Your assignment –
Please transcribe the data that follows without the pictures, keeping every word the same.

Data below –
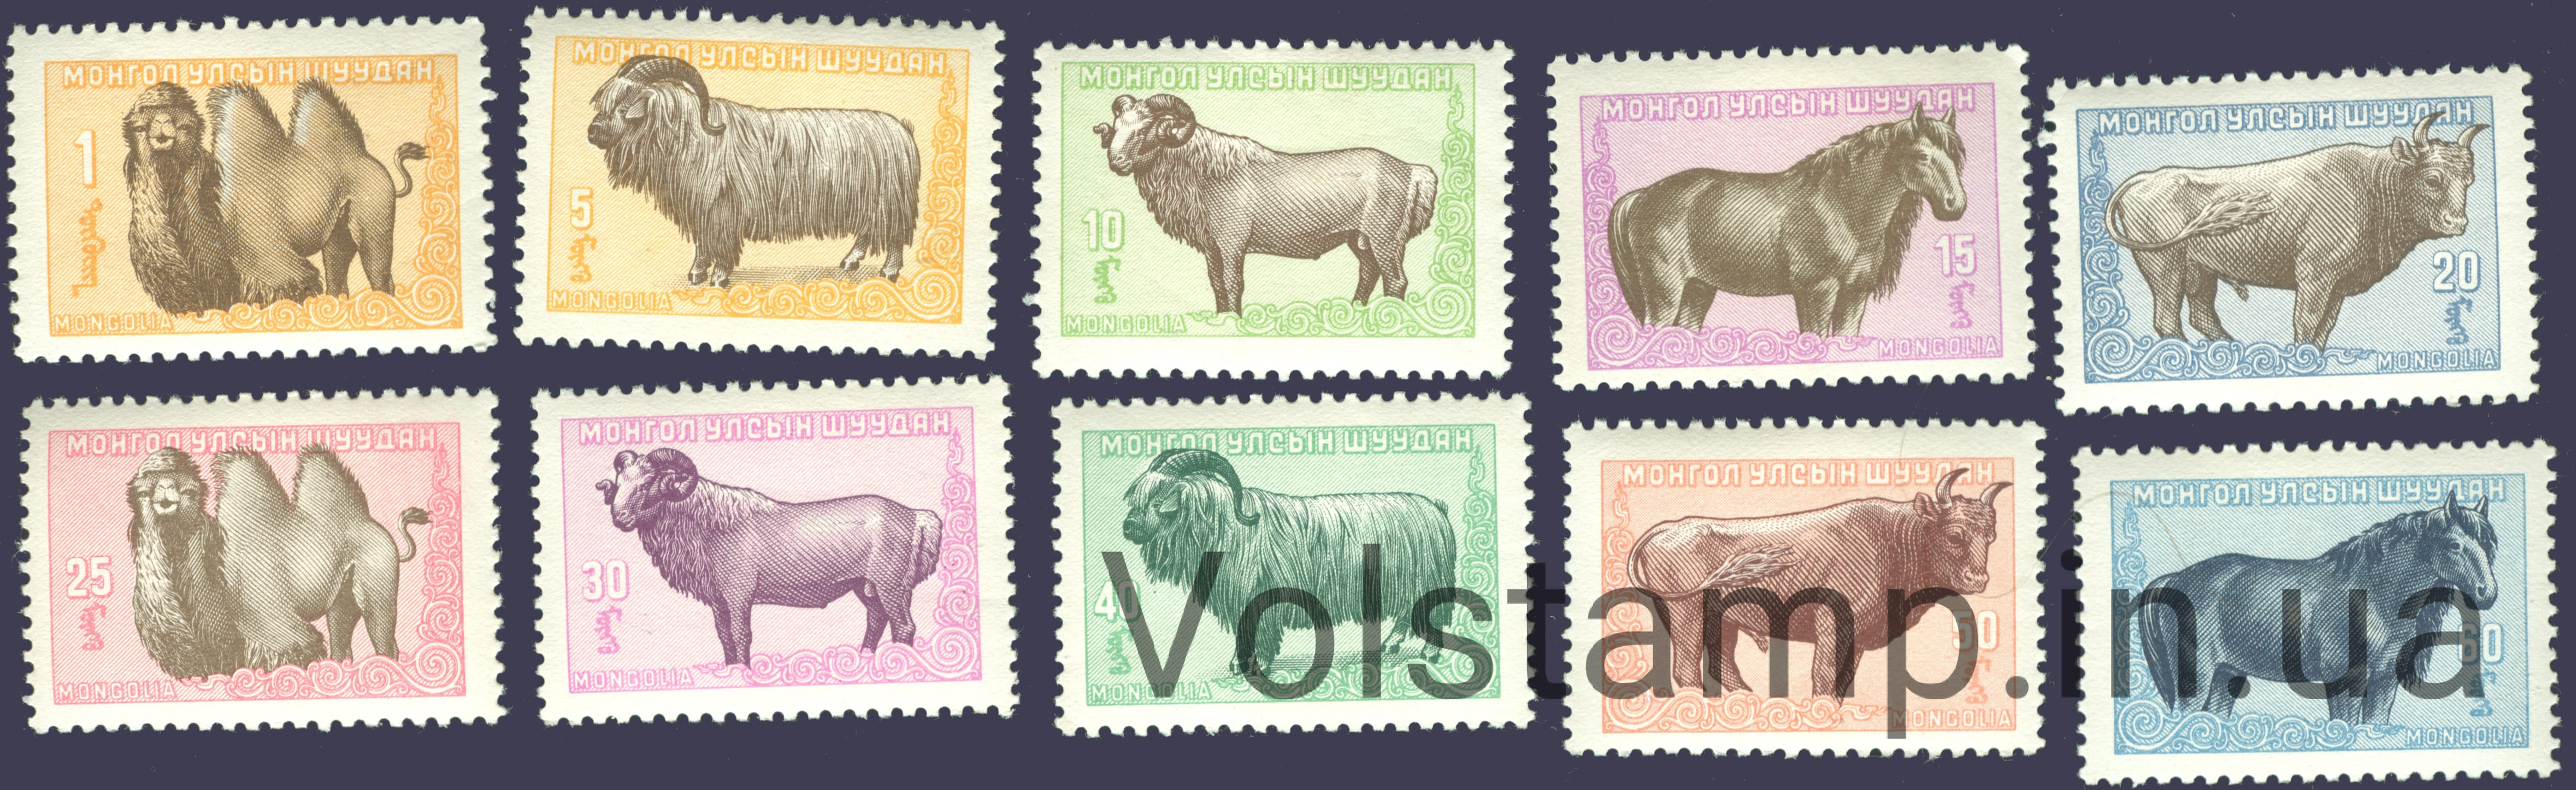 1958 Монголія Серія марок (Коні, верблюди, бики, барани) MNH №138-147
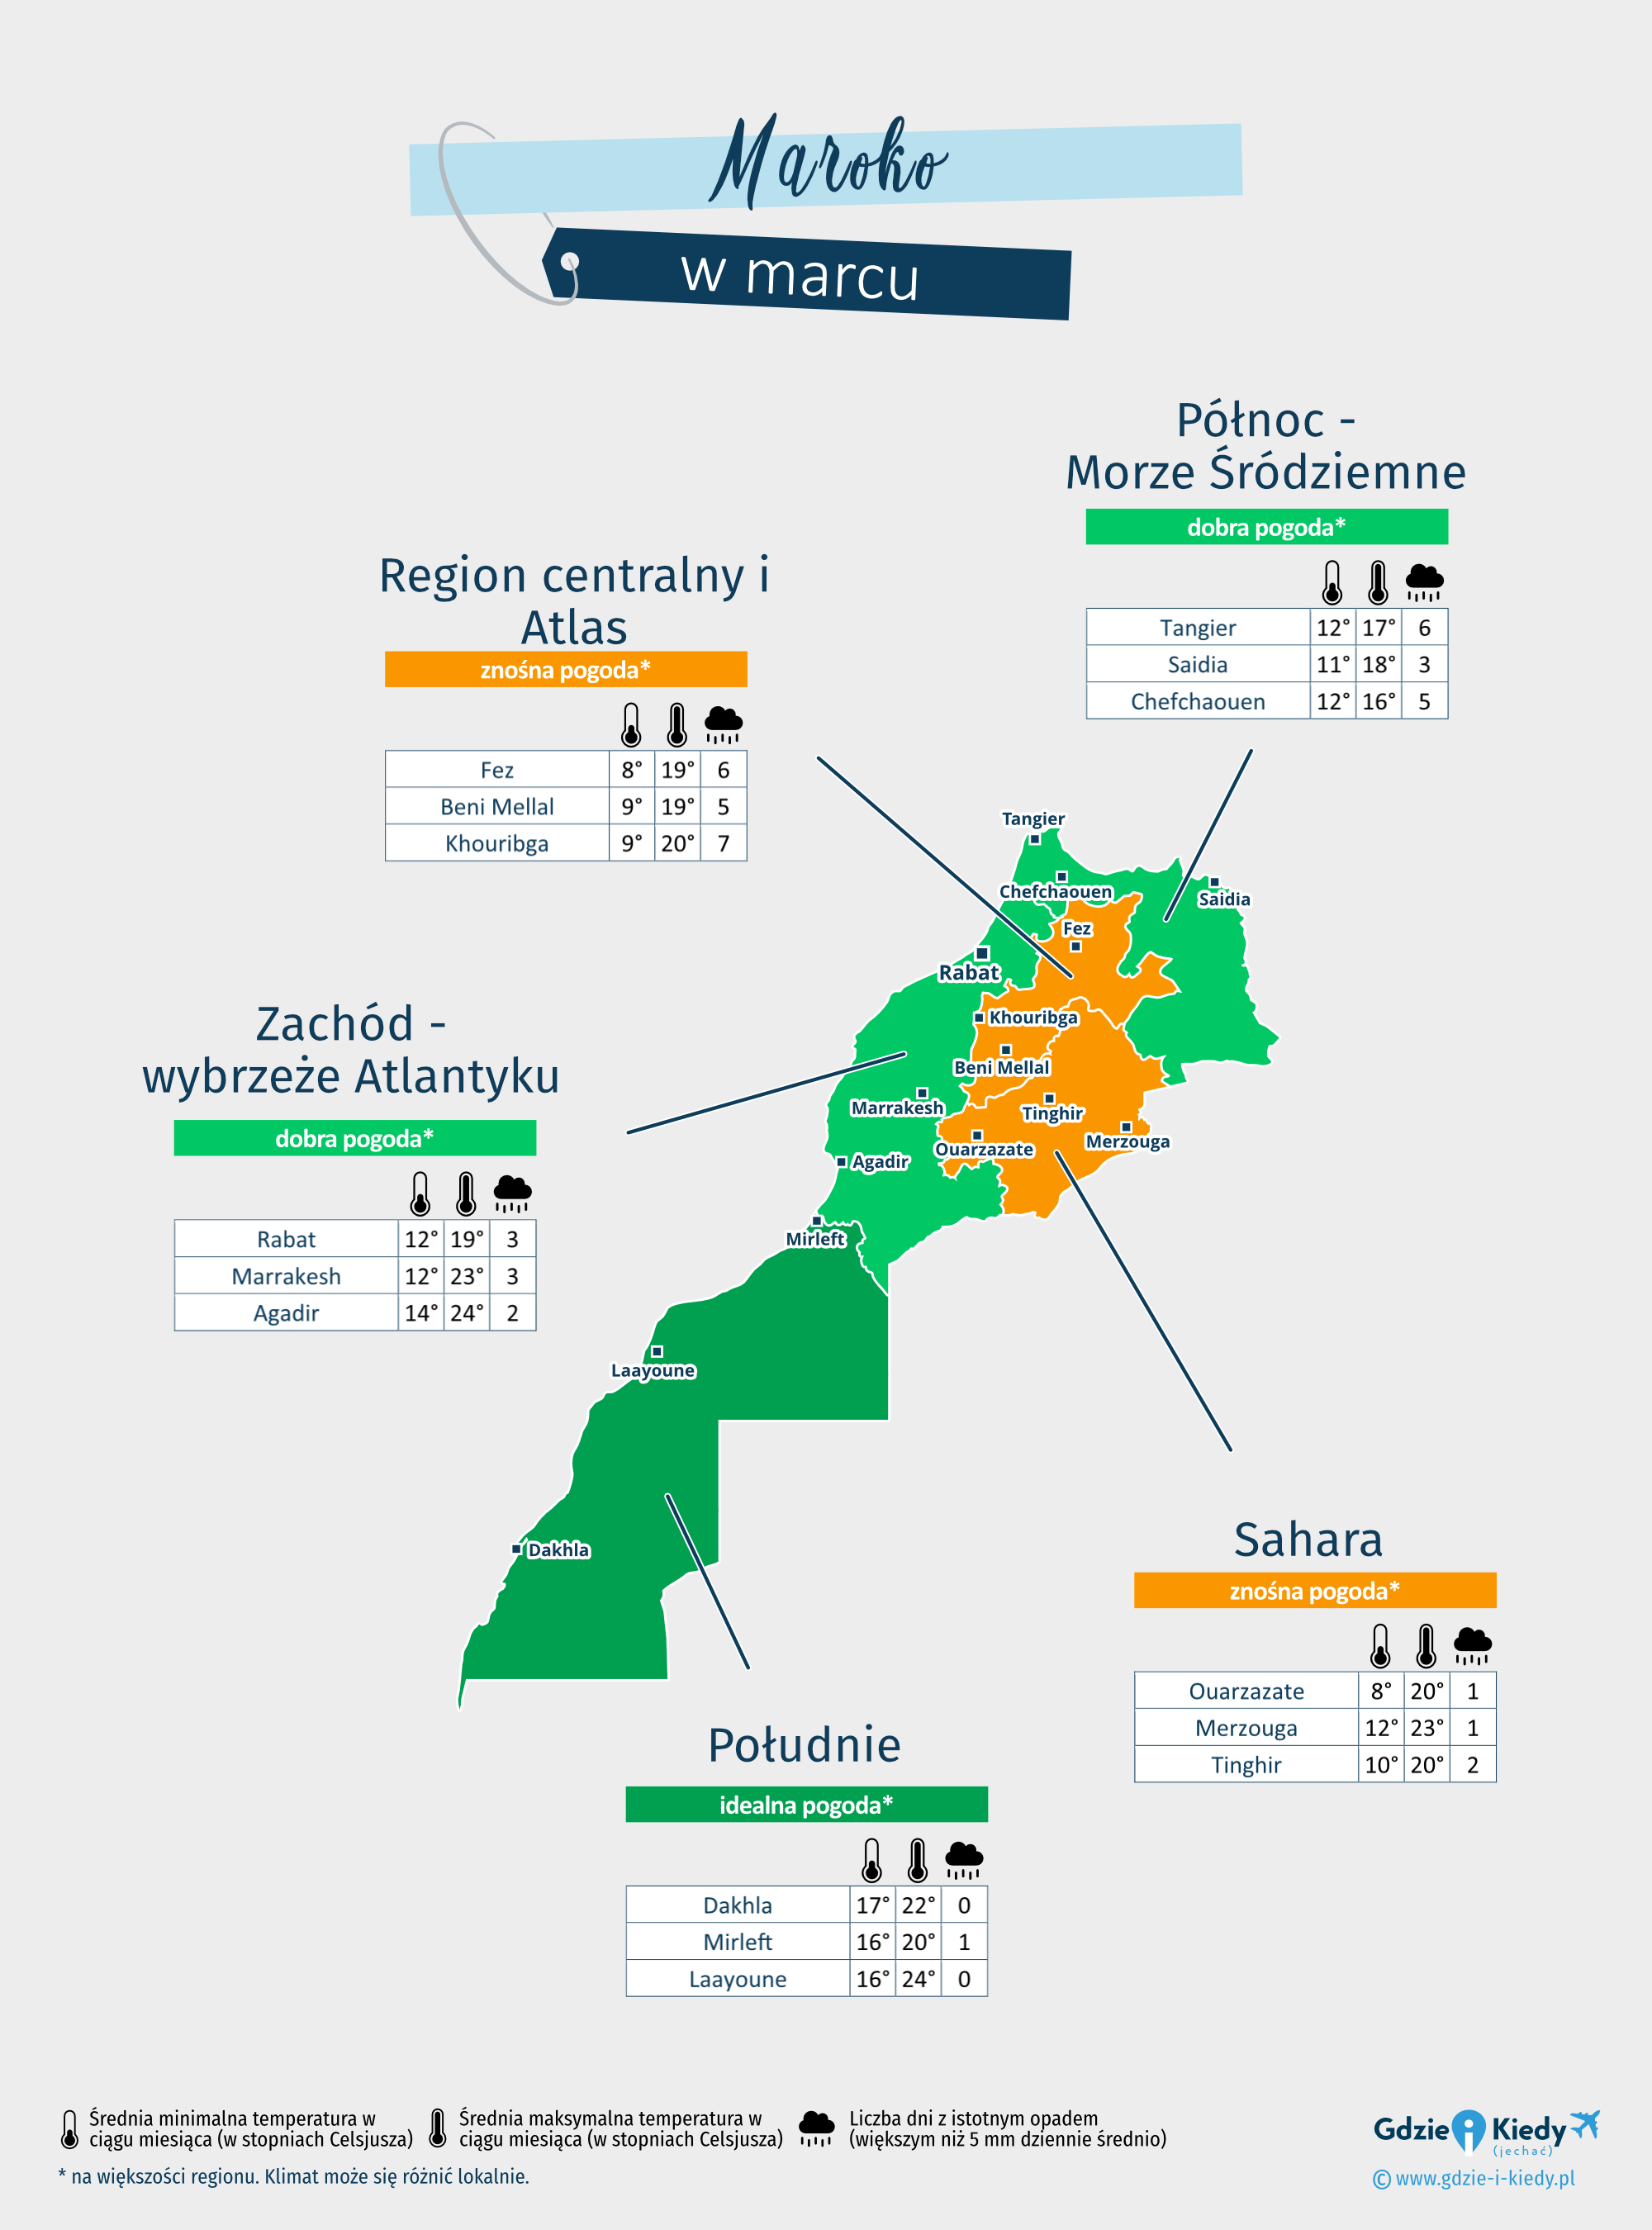 Maroko: mapa pogody w marcu w różnych regionach
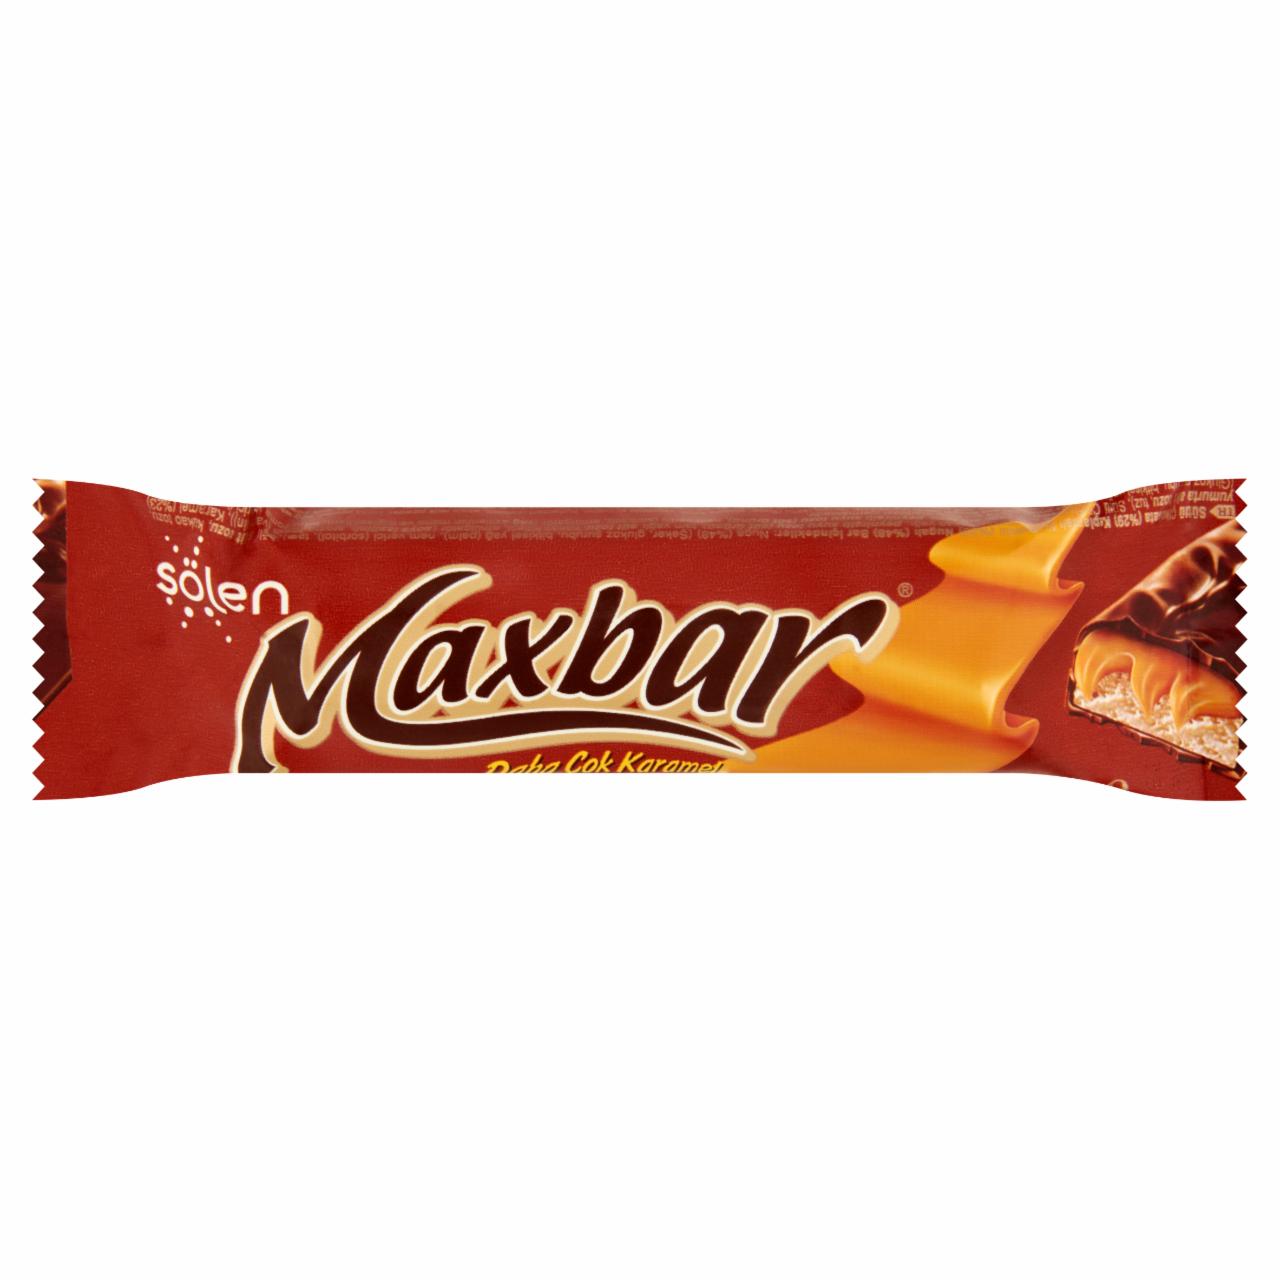 Képek - Sölen Maxbar tejcsokoládéval bevont szelet karamellával és kakaós krémmel 40 g
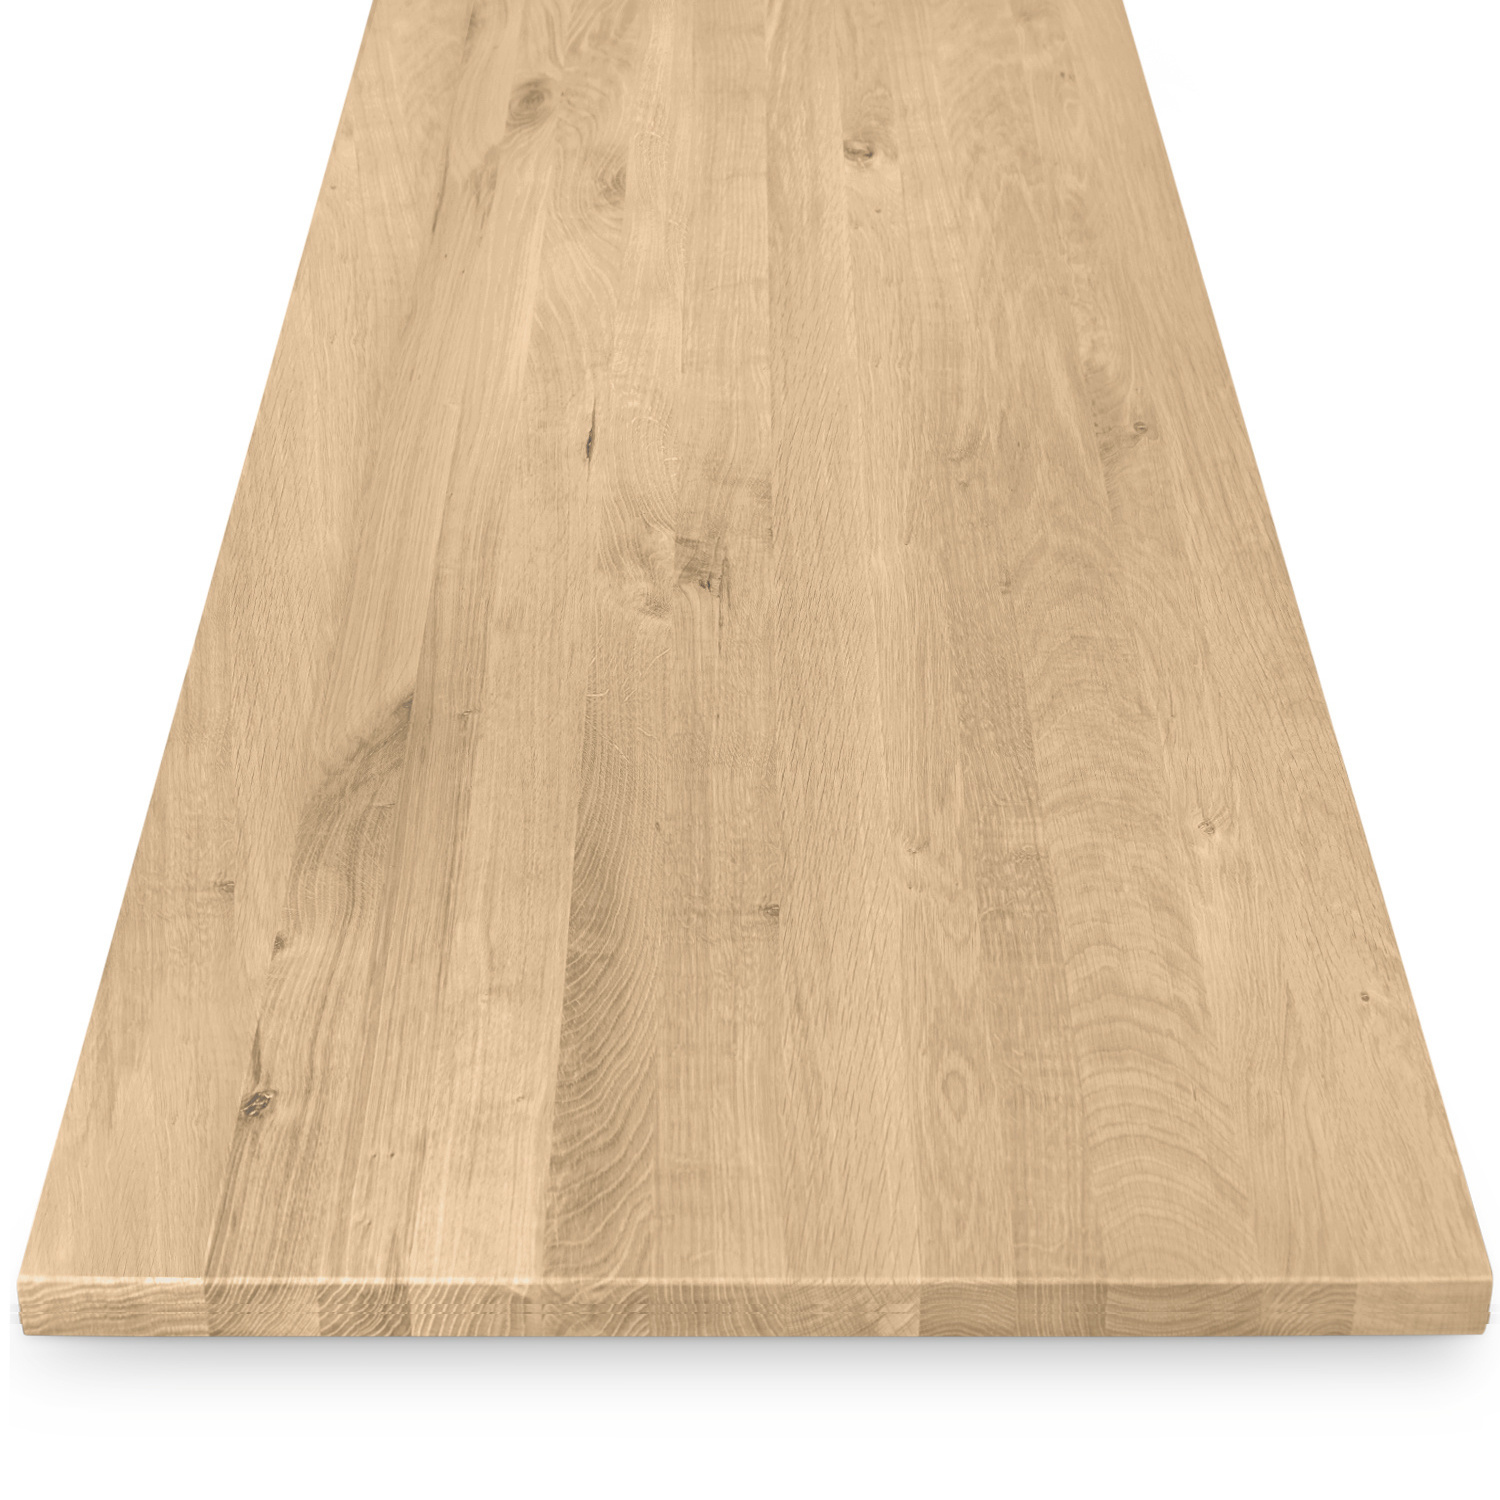  Eiken tafelblad op maat - 2,3 cm dik (1-laag) - rustiek Europees eikenhout - verlijmd kd 8-12% - 50-120x50-300 cm

Response –
 1958 Монголія Серія марок (Коні, верблюди, бики, барани) MNH №138-147
 Maroko: mapa pogody w marcu w różnych regionach
 Képek - Sölen Maxbar tejcsokoládéval bevont szelet karamellával és kakaós krémmel 40 g
  Eiken tafelblad op maat - 2,3 cm dik (1-laag) - rustiek Europees eikenhout - verlijmd kd 8-12% - 50-120x50-300 cm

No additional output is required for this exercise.